What’s the difference between connotation and denotation ?

Connotation and denotation are easily confused, and the fact that neither word is particularly common in everyday use makes it difficult for many people to get a firm grip on the difference between them. While each of these two words has several possible meanings, they are notably distinct from each other in all senses. Denotation is concerned with explicit meaning, and connotation tends to be concerned with implicit meaning. The word home, for instance, has a denotation of “the place (such as a house or apartment) where a person lives,” but it may additionally have many connotations (such as “warmth,” “security,” or “childhood”) for some people.

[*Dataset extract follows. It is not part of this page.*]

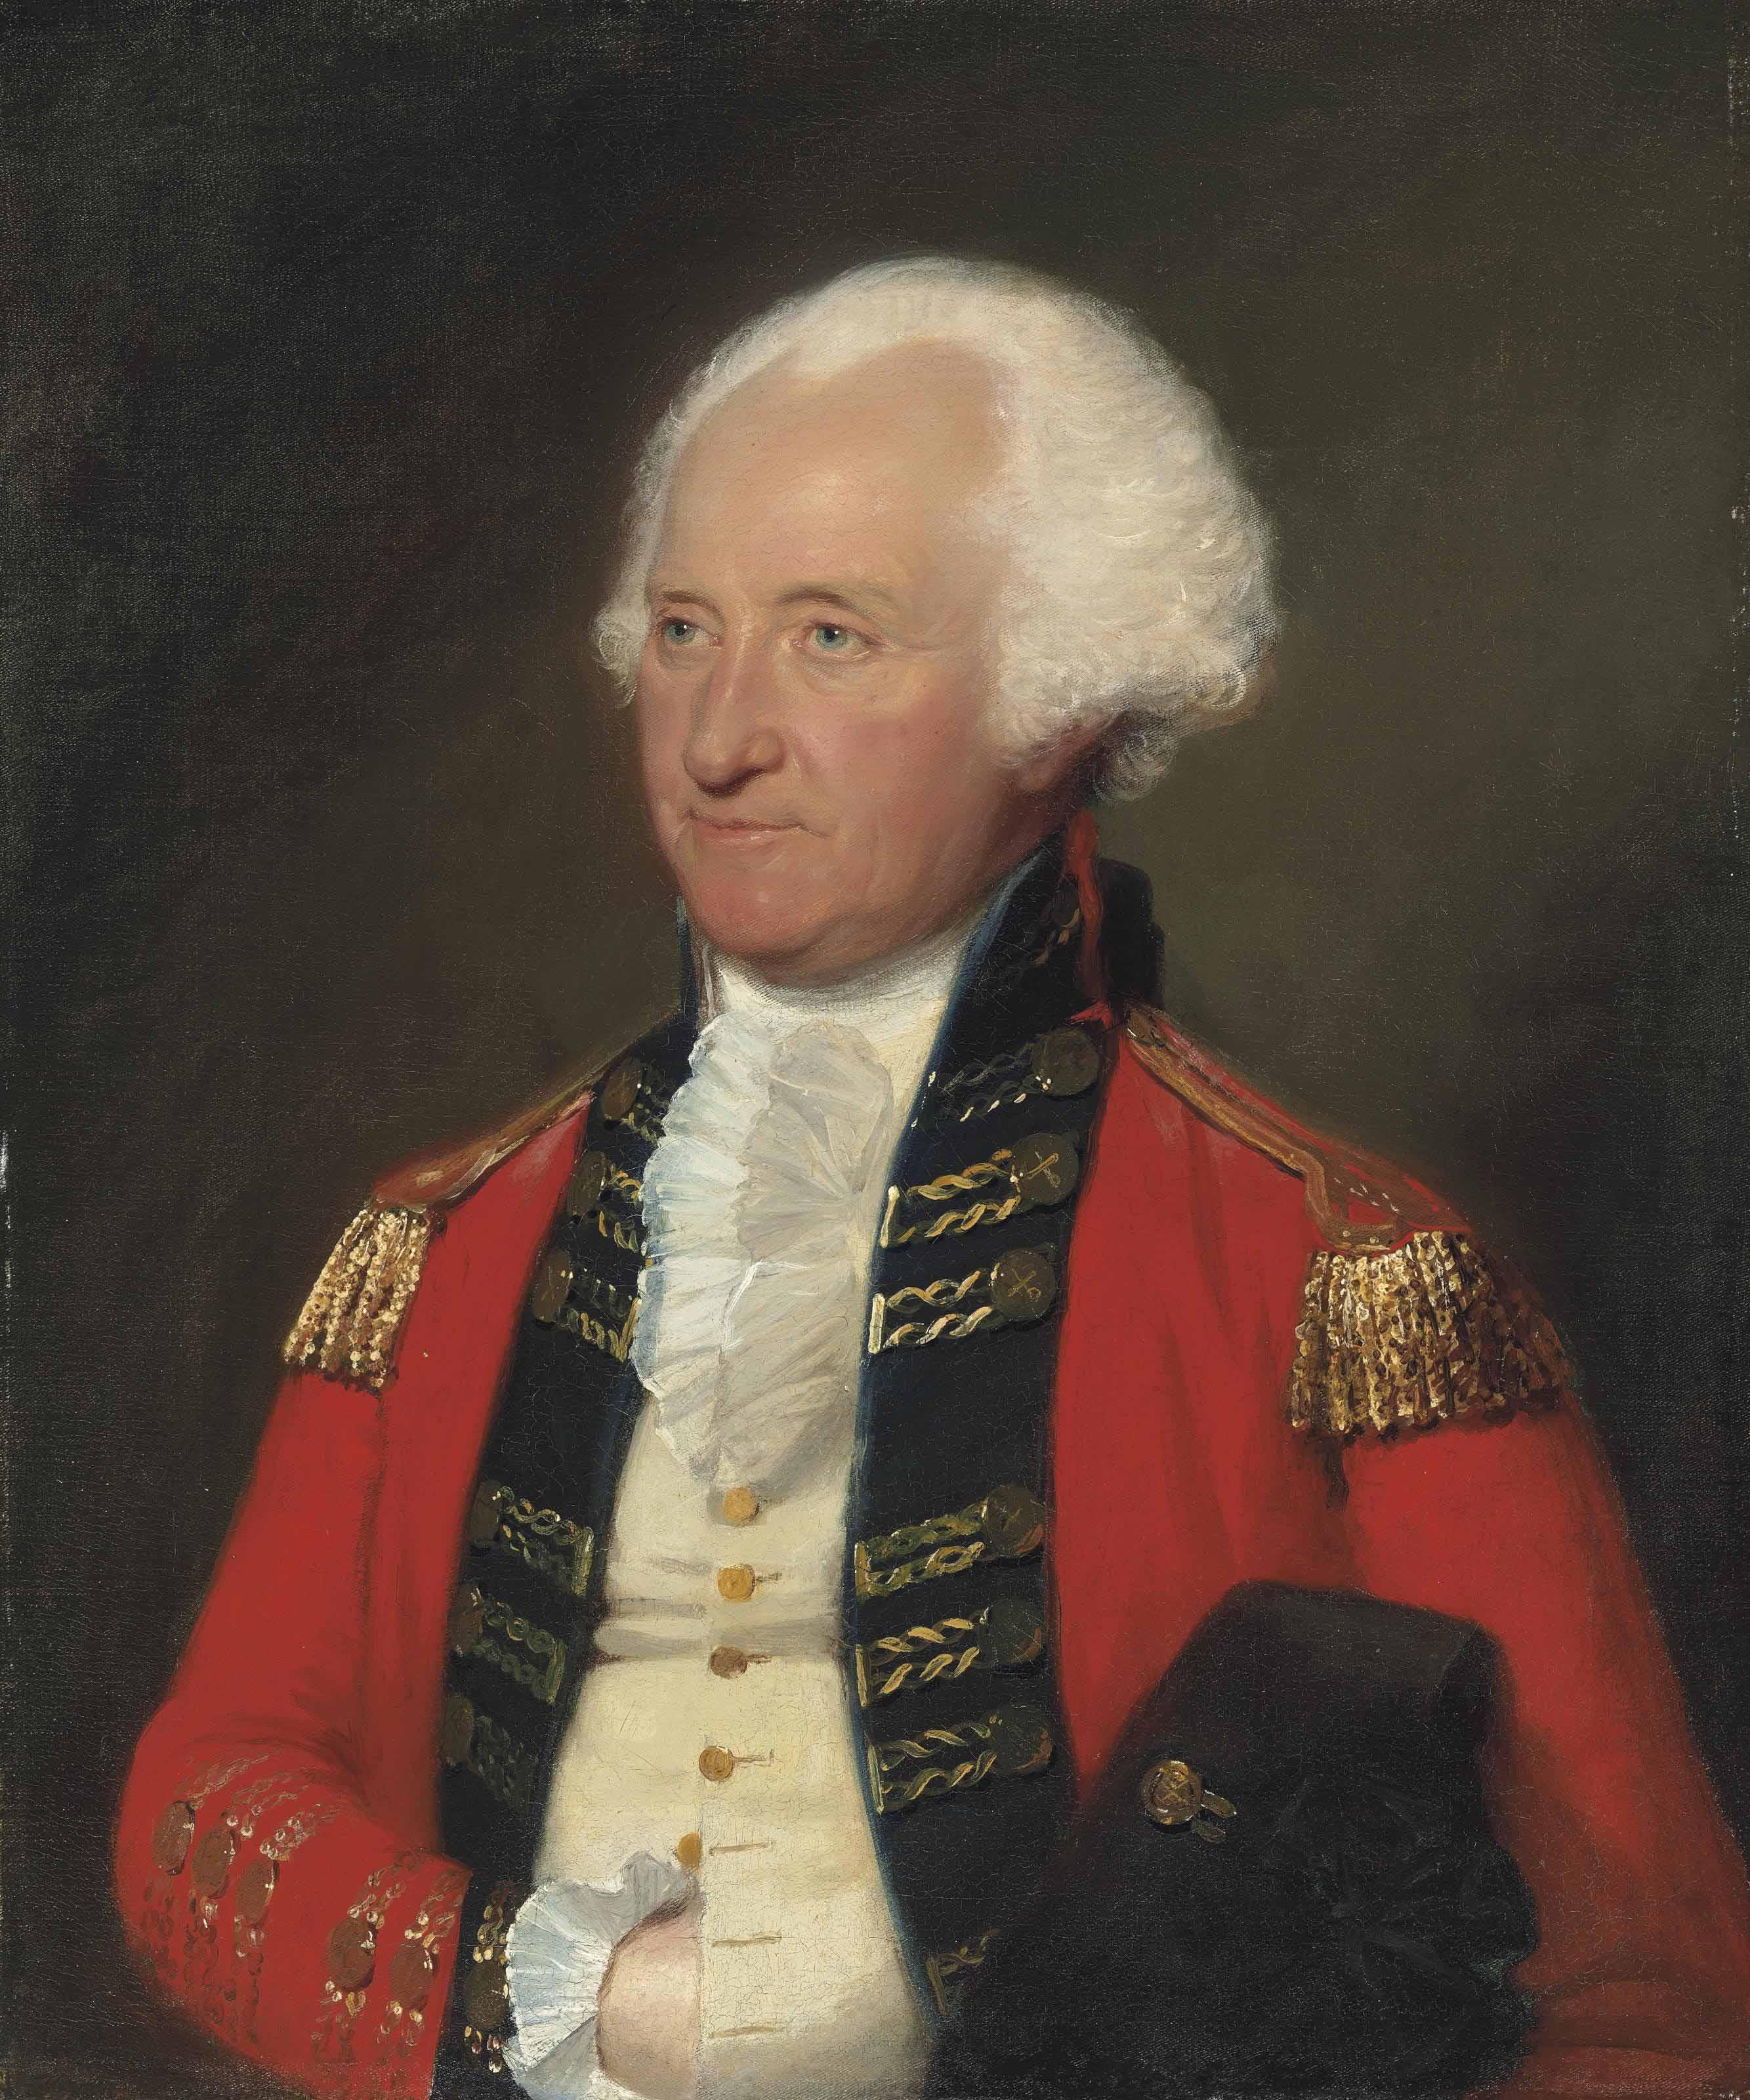 Portrait of General James Pattison (1723-1805), half-length, in military uniform

Examples of connotation in a Sentence

Miuccia Prada, a connoisseur of vintage jewelry, has a collection of tiaras and subverts their formal connotations by wearing them for the day. —Hamish Bowles, Vogue, March 1997 Suddenly, Hsun-ching brightened. "So this is propaganda?" Alison did not know that, in Chinese, the word for propaganda literally means to spread information, and does not carry any negative connotations. —Mark Salzman, The Laughing Sutra, 1991 The word "evolution," with its connotation of unrolling, of progressive development, was not favored by Darwin; he preferred the bleak phrase "descent with modification" for his theory. —John Updike, New Yorker, 30 Dec. 1985 a word with negative connotations For many people, the word “fat” has negative connotations. The word “childlike” has connotations of innocence.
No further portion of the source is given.